1. First, I “enter the story world” of the particular Bible passage. When I call it the “story world” I’m not implying that it’s fiction. Believing in the supernatural goes hand in hand with believing in the God of the Bible, so I read the stories as real historical events. So I’m cool with Jonah and the fish, Balaam and his talking donkey, an ancient global flood, etc. But calling it the “story world” reminds me that there is a narrator telling me the story. And anytime you are hearing a story, you need to decide if you are willing to place yourself in the storyteller’s hands and risk being “changed” by his story. When I read the Bible, I’m going for it: I’m watching eagerly to see how this story will impact me. And what I really want to find is how the narrator himself wants me to be impacted. (The narrator, after all, is simply a convenient and useful term for the “voice” of the inspired author).
2. Second, because I have travelled to this (“long ago and far away”) story world, I know I’m going to need a “tour guide” to explain the foreign stuff. So it’s here in step 2 that I am seeking to navigate the gap between the “culture of the story world” and the “culture of Jim’s little prairie-dwelling, American-in-Saskatchewan life.” Every hermeneutical model has to deal with this gap, knowing that Old Testament instructions such as: “don’t plant 2 kinds of seed in one garden plot,” “don’t eat swine,” and “when you enter the land, kill all the Canaanites” had meaning and significance for Old Testament Israel.

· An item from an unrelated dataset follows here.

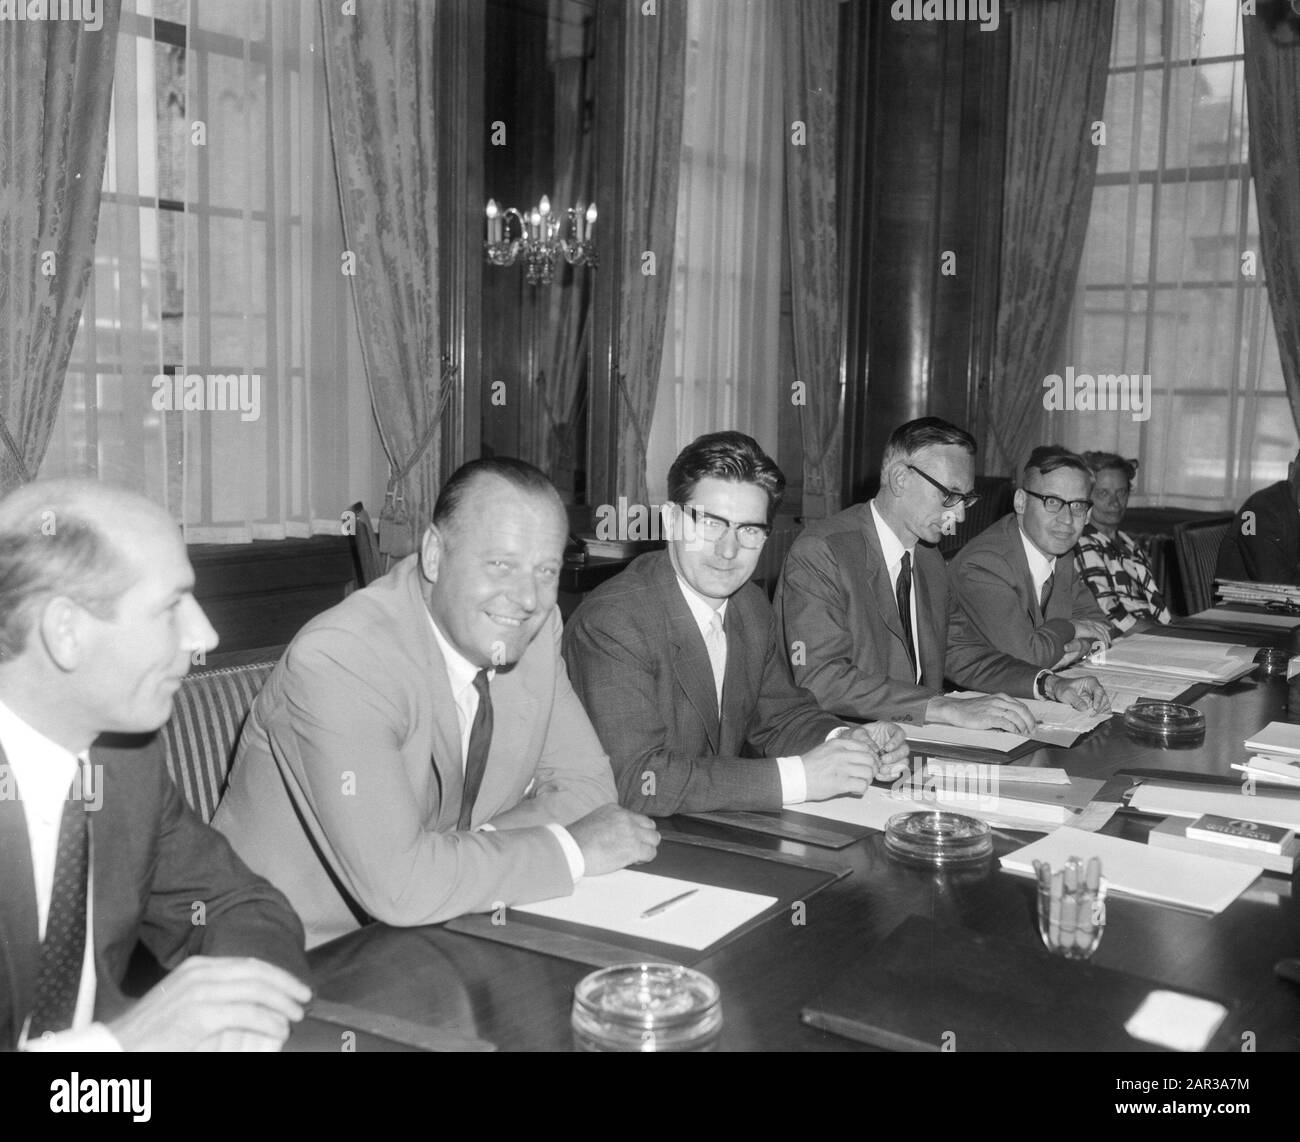 Issue Chinese technicians in Lower Chamber, v.l.n.r. Bos, Blaisse, Westerterp, Staats, Van der Stoel, Minister Diepenhorst and Miss Rutgers Date: 5 August 1966 Location: The Hague, Zuid- Holland Personal name: Bos, Diepenhorst, I.A. Stock Photo

But what do they “mean to us today?” Well, the quest for meaning in these foreign passages has to start with figuring out what it meant to the first hearers of the story – the “original audience.” So we study their historical, cultural, and theological context, seeking to understand the impact that the narrator intended for his first listeners.
3. Finally, I seek to receive (embrace) that same “impact” in my own life. In whatever way the particular text was trying to impact the lives of those original hearers, I want to yield to that very same impact. I’m deliberately talking about the “impact” of a particular passage (when you may have expected “meaning”). But I’m committed to finding—and indeed expecting to find—the “appropriate impact” in the “intended meaning” of the text. But I really like the focus on “impact,” because I don’t think that God ever wants us to be done when we have “found the right meaning.” We are always to let that meaning—that message—change us. Also, if my reading mindset is merely a “quest is for the text’s meaning,” I am likely to settle for grabbing of a “universal principle” for “applying to my life” in some hypothetical future situation. Rather than gleaning principles for future use, I prefer the mindset of “looking for a text’s impact.” Because that’s what reading good stories is all about: in the very reading of the story, I am changed. And that is exactly what I want from God’s stories. When I read one of his stores, I want to come away changed.